Monday, June 15, 2015

God's Questions


Starting tomorrow, I'll be out of the office for a while. First, I'm headed on a tour of the national parks and monuments of Utah and northern Arizona. Then, I'm headed to Salt Lake City for General Convention. The focus of this blog will shift from lectionary-based musings to General Convention analysis. But I can't leave without embracing this coming Sunday's Track 2 lesson from Job. It's too good to pass by.

In Job 38, God speaks to the suffering one and declares,
Who is this that darkens counsel by words without knowledge?
Gird up your loins like a man,
I will question you, and you shall declare to me.
Where were you when I laid the foundation of the earth?
Tell me, if you have understanding.
Who determined its measurements--surely you know!

Boom! Snap! Oh no he didn't!

Of course, when God speaks, humanity listens. But, when God starts mocking our pride and self-importance, the whole earth shakes. Is there any more damning language for the twenty-first century?

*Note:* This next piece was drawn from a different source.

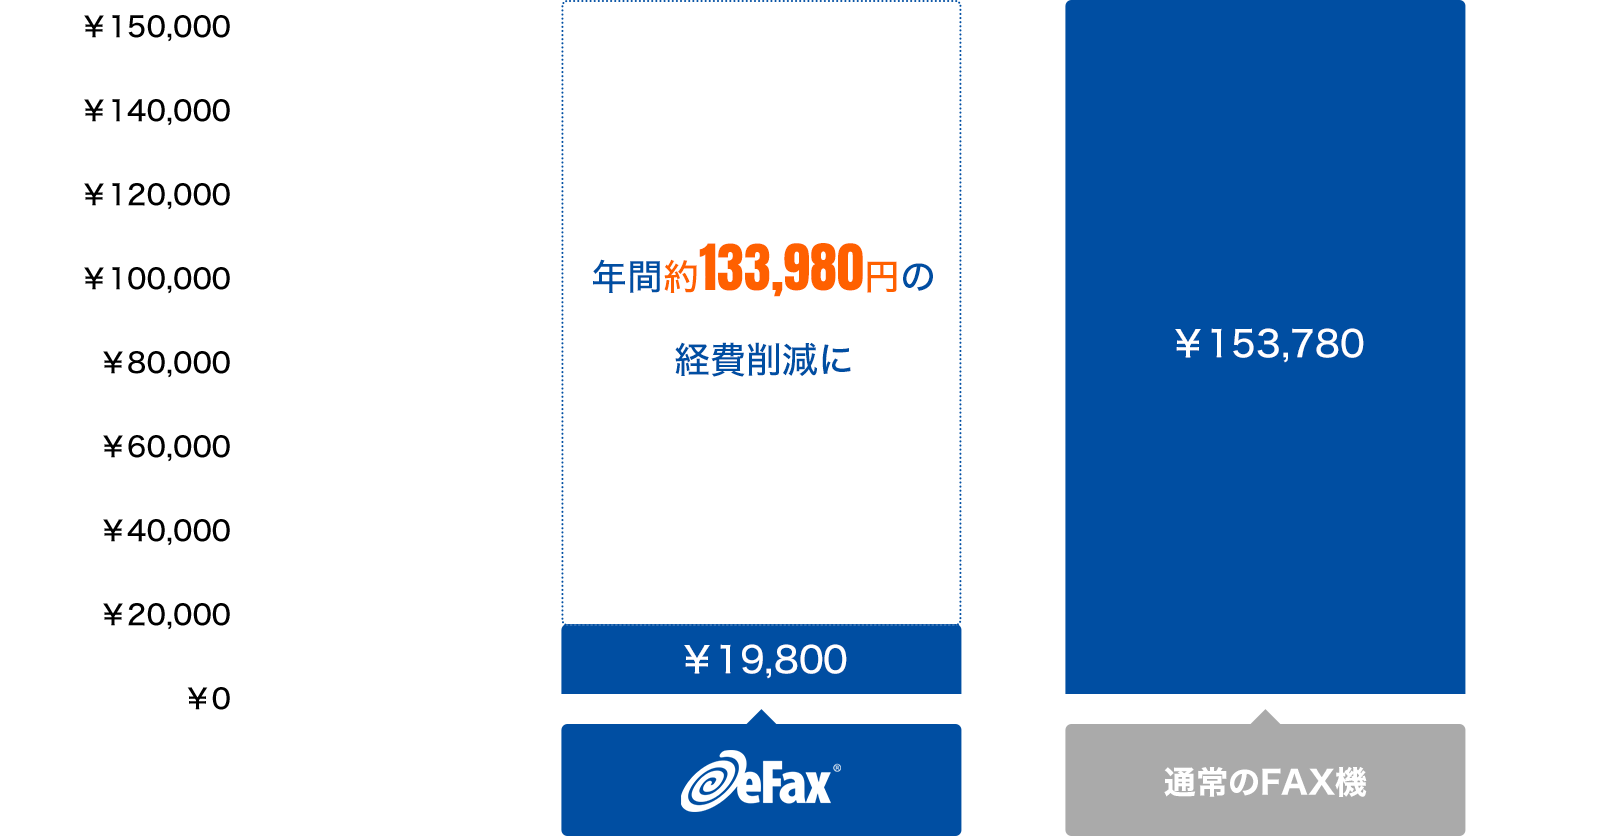 ファックス機との比較表、大幅なコスト削減を実現

Job is a heartbreaking story. You can isolate any number of its passages to portray a tender, loving tale of faith. It speaks of Job's faithfulness in the face of disaster. It tells of remarkable patience despite adversity. It encourages perseverance even when abandoned by everyone else. But is that the real message of Job?

If you read the whole book--and it's been a long time since I have--you reach three conclusions that are unfathomable to contemporary society:
  1. Bad things happen to good people.
  2. God is behind human suffering--whether as active agent or passive permitter.
  3. We don't get to know why.
Sunday's lesson is God's response to Job's interrogation. Job wants an answer. He demands an answer. He has been faithful. He has done everything expected of him. Why, God, have you let all of this happen to me? And what is God's answer?

Who do you think you are? Who the heck do you think you are?

Actually, on the other side of some heartwrenching, agonizing, and suffering, we hear these words as true and lasting hope. Yes, we must endure the pain of "Why, God?" but on the other side we are comforted with the answer, "Just because."

If you think that answer is harsh and insensitive, you should dive more fully into unjust suffering and see what other possible satisfying answers there are. Vengeance? Evil at work? Random chance? Good luck finding hope in any of those. The only hope we have is that God is bigger than anything that threatens us. Do we get to understand why stuff happens? Not in this life, and maybe not even in the next. But we do get to hold on to faith that God is with us in our suffering--not asleep, not absent, not powerless--but present and active. It doesn't make the pain go away--nothing can. But it does mean that we are not alone and that we have real hope.